TAG comments on How Hard a Problem is Alignment?

TAG 16 Mar 2026 19:35 UTC
2 points
0

I think that approach genuinely does suffere from a Sharp Left turn once the AI’s capabilities significantly exceed ours: that seems to me like an approach where your control startegies really do need to be as smart as the thing you’re trying to control

There’s a very basic difference between the people who believe in SLT’S, rapid RSI , etc and those who don’t, and it affects their unspoken assumptions and semantics. The thing where it affects their senstuvs is a problem.

corrigibility has a bigger problem with extrapolation out-of-distribution and thus Goodharting than a more value-learning based approach

I don’t se why.

b) it is very, very easy for multiple groups of humans each with access to corrigible ASI to get into a war or other form of conflict using ASI-powered weapons/technologies

Agreed. I didn’t say so explicitly, but I was mainly concerned with Everybody Dies scenarios. I think a multipolar scenario where ASI are controllable and controlled by powerful interests is highly likely, but not completely fatal.

Tool AI isn’t the direction that the market and demand is currently moving, and has exactly the same potential for empowering existing human conflicts and enhancing concentration of power as Corrigible AI, if not even more so.
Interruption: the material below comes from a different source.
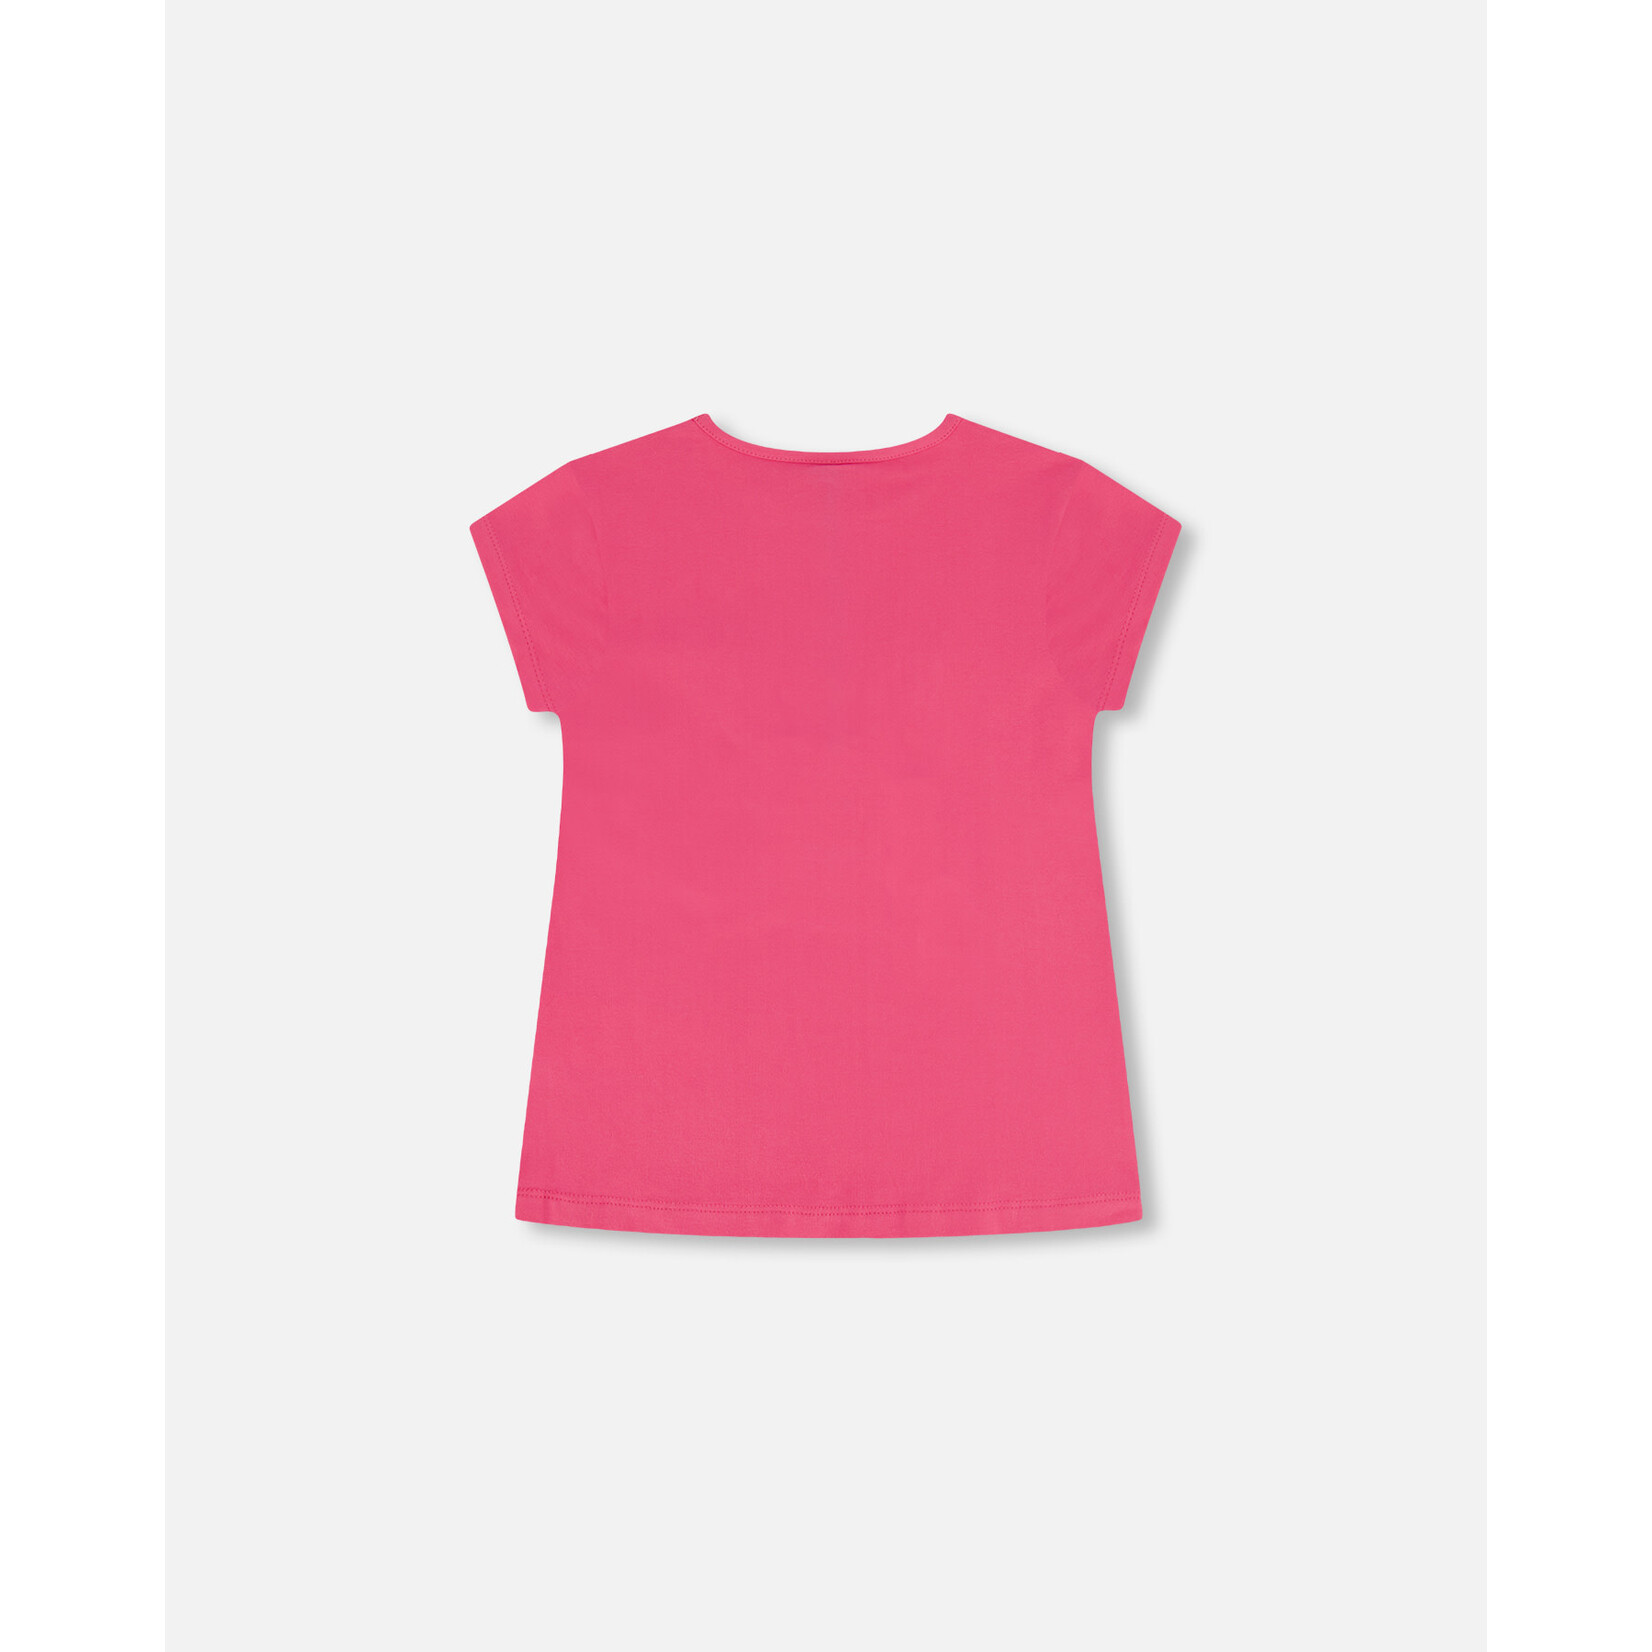 DEUX PAR DEUX Organic Cotton Top with Print And Applique Shocking Pink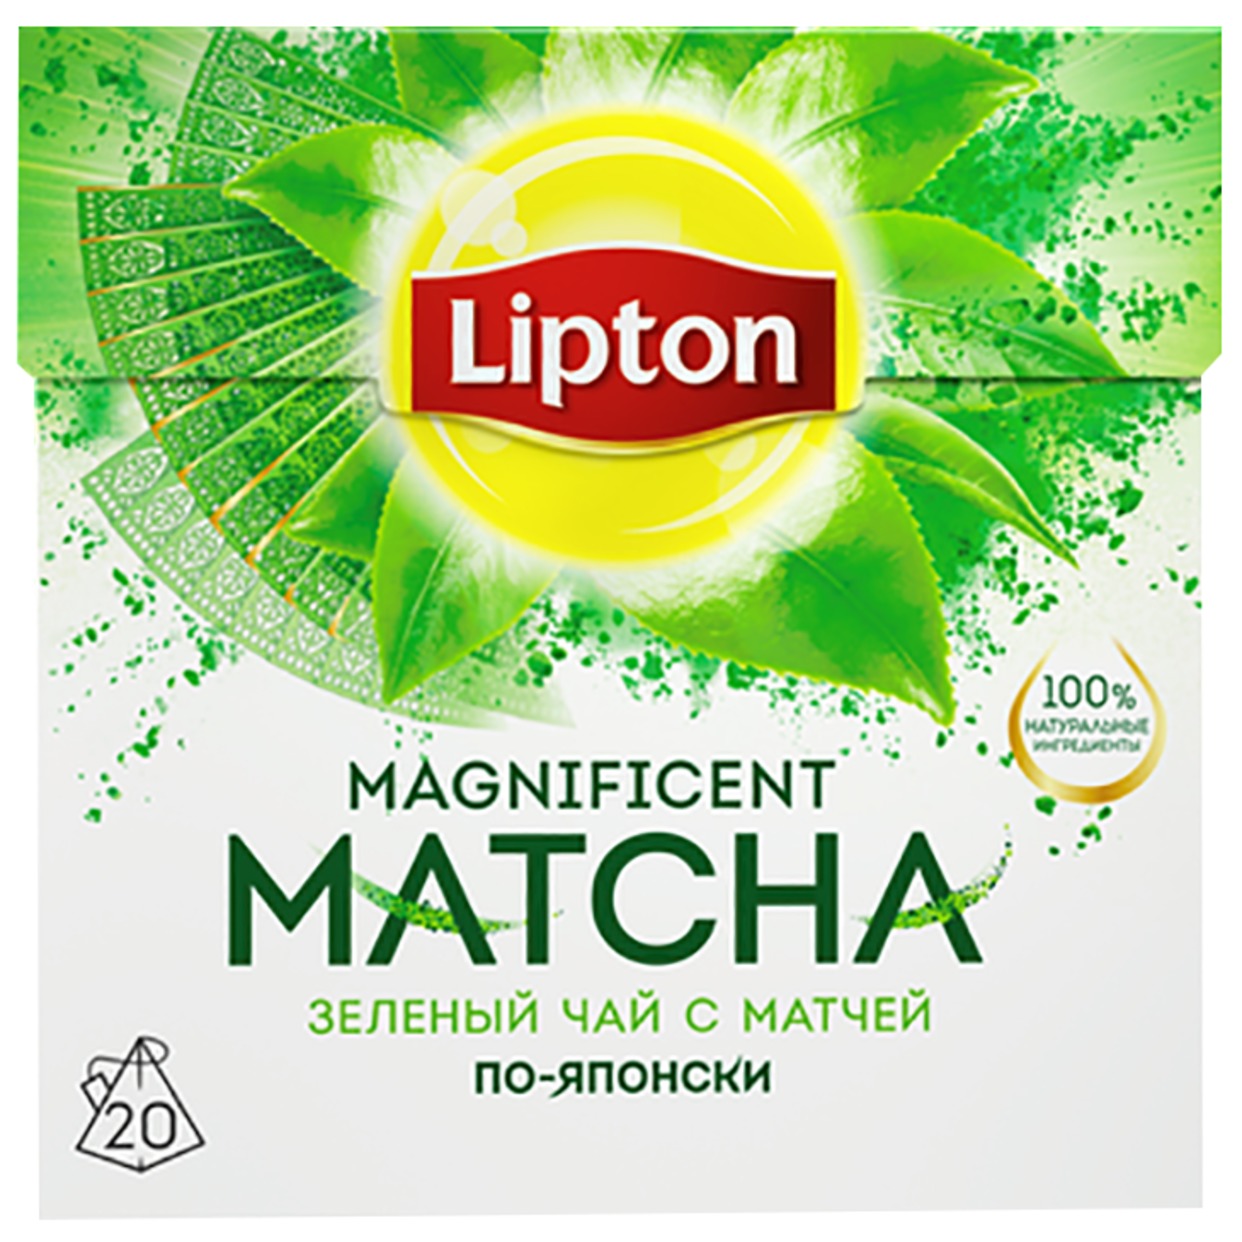 Lipton чай зеленый в пирамидках Magnificent Matcha 20 пакетиков по акции в Пятерочке

Ok, but that’s a different complaint to “it’s not even possible”. Also , the market is for agents that work for you, but do your own things. That’s a point against the standard Doom argument with a sovereign AI killing everyone for it’s own reasons.

So I see Corrigible AI and Tool AI as probably technically feasible, but as causing massive inherent sociotechnical risks. What we need is AI that is wiser and more ethical than humans, but actually aligned to what a very wide human would agree is in the general interests of all of humanity.

And a.way of forcing people to use it. If merely controllable/corrigible AI is available, powerful interests are going to prefer it.

So I agree that what you describe are approaches often outline to AI Alignment: I just disagree with calling that AI Safety: I see creating highly Corrigible AI as solving the technical AI Alignment problem at the cost of producing a different major new of X-Risk/S-Risk from AI, so not solving AI Safety.

Neither alignment nor safety is a simple binary
- RogerDearnaley 16 Mar 2026 21:09 UTC
  2 points
  0
  Parent
  Sounds like we’re mostly in agreement!